[YOUR TASK] Please transcribe the data exactly as shown, skipping the images.

[DATA SHOWN]

+===+

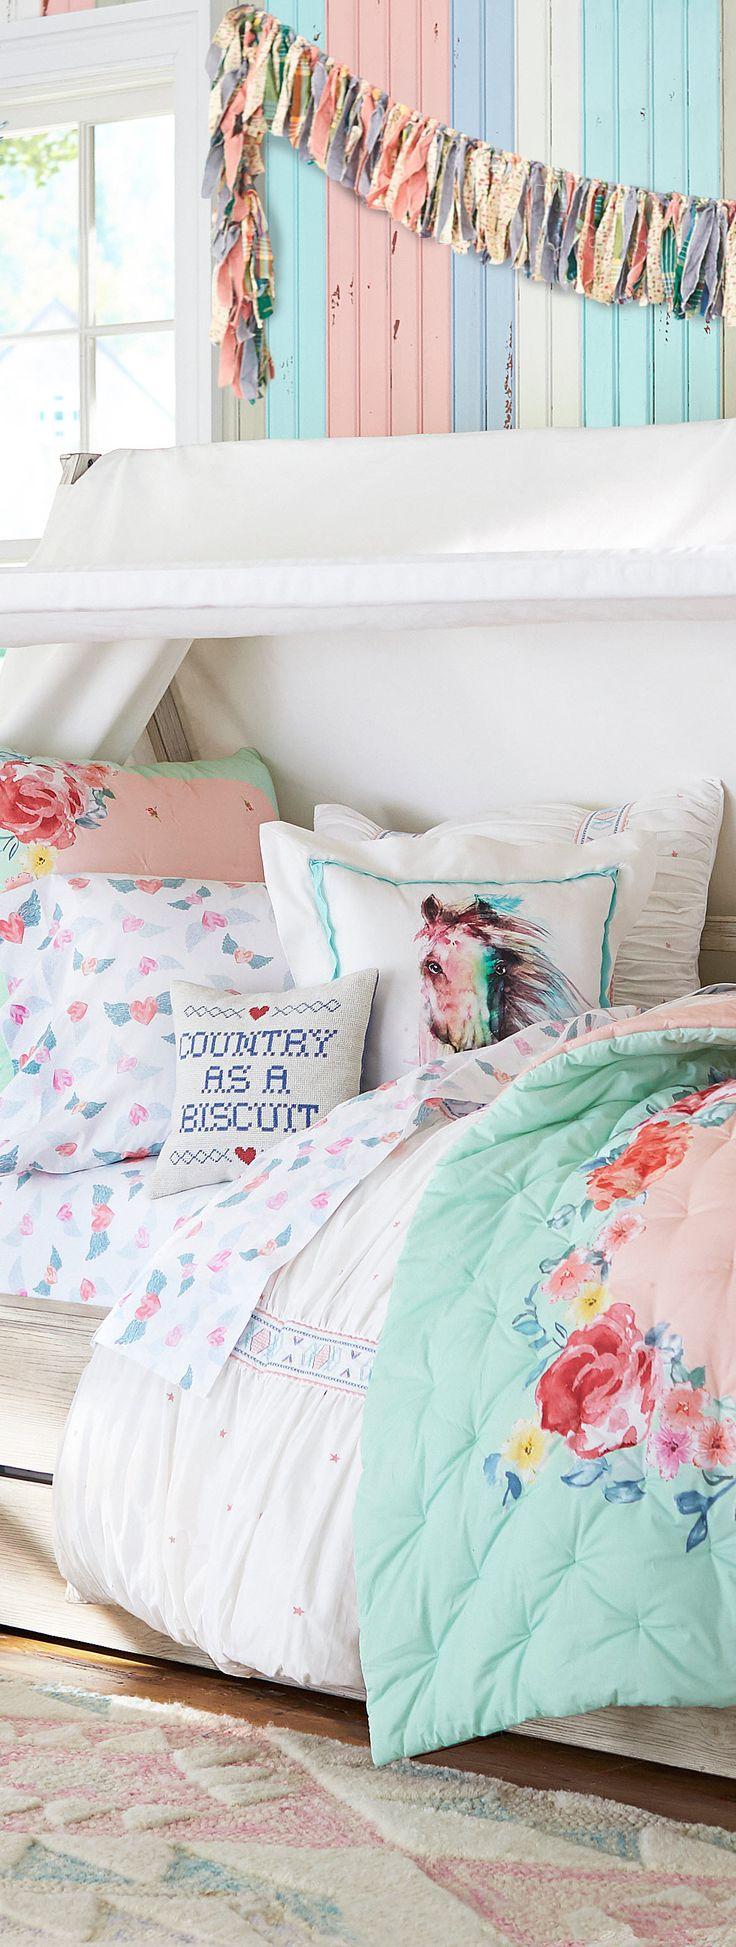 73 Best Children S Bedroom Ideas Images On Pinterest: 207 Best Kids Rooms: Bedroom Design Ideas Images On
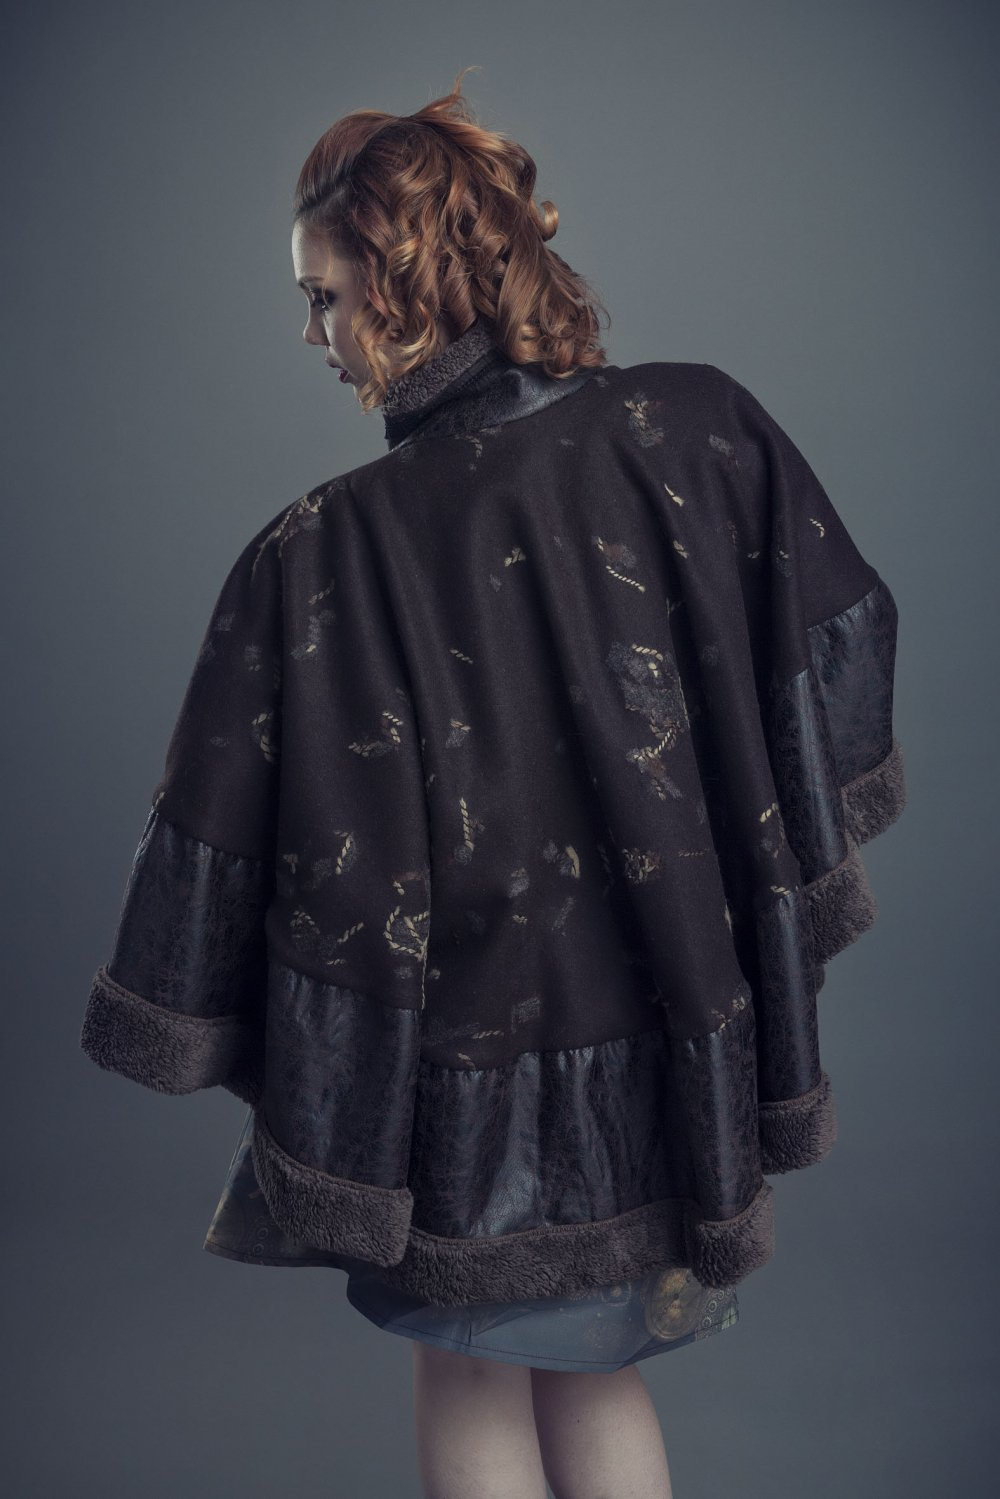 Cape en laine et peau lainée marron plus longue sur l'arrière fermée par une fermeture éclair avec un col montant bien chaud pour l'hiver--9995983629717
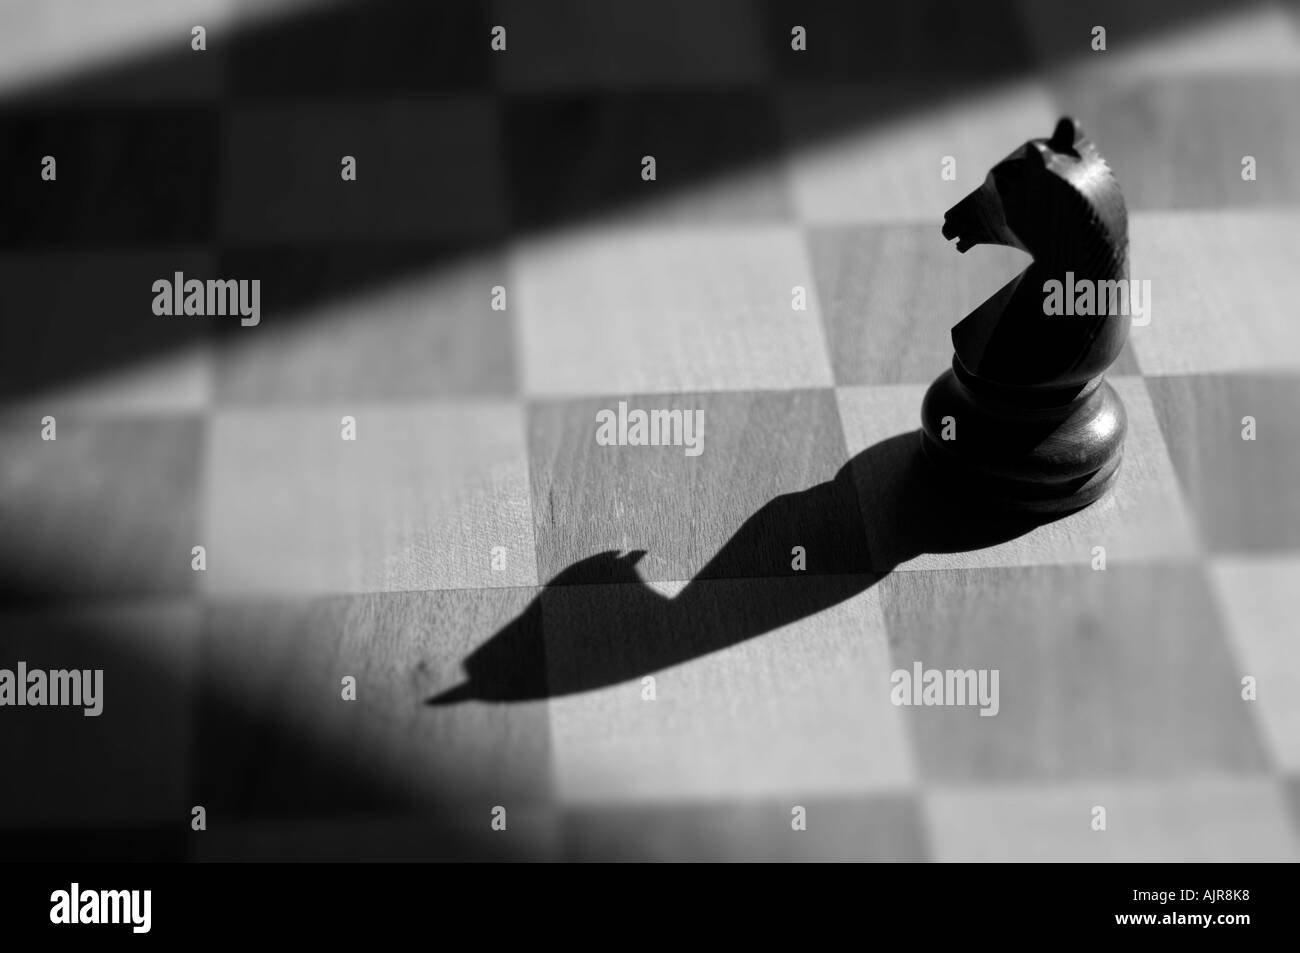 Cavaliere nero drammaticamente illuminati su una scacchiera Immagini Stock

+===+

[ANSWER BOX]
 73 Best Children S Bedroom Ideas Images On Pinterest: 207 Best Kids Rooms: Bedroom Design Ideas Images On
 Cape en laine et peau lainée marron plus longue sur l'arrière fermée par une fermeture éclair avec un col montant bien chaud pour l'hiver--9995983629717
 Cavaliere nero drammaticamente illuminati su una scacchiera Immagini Stock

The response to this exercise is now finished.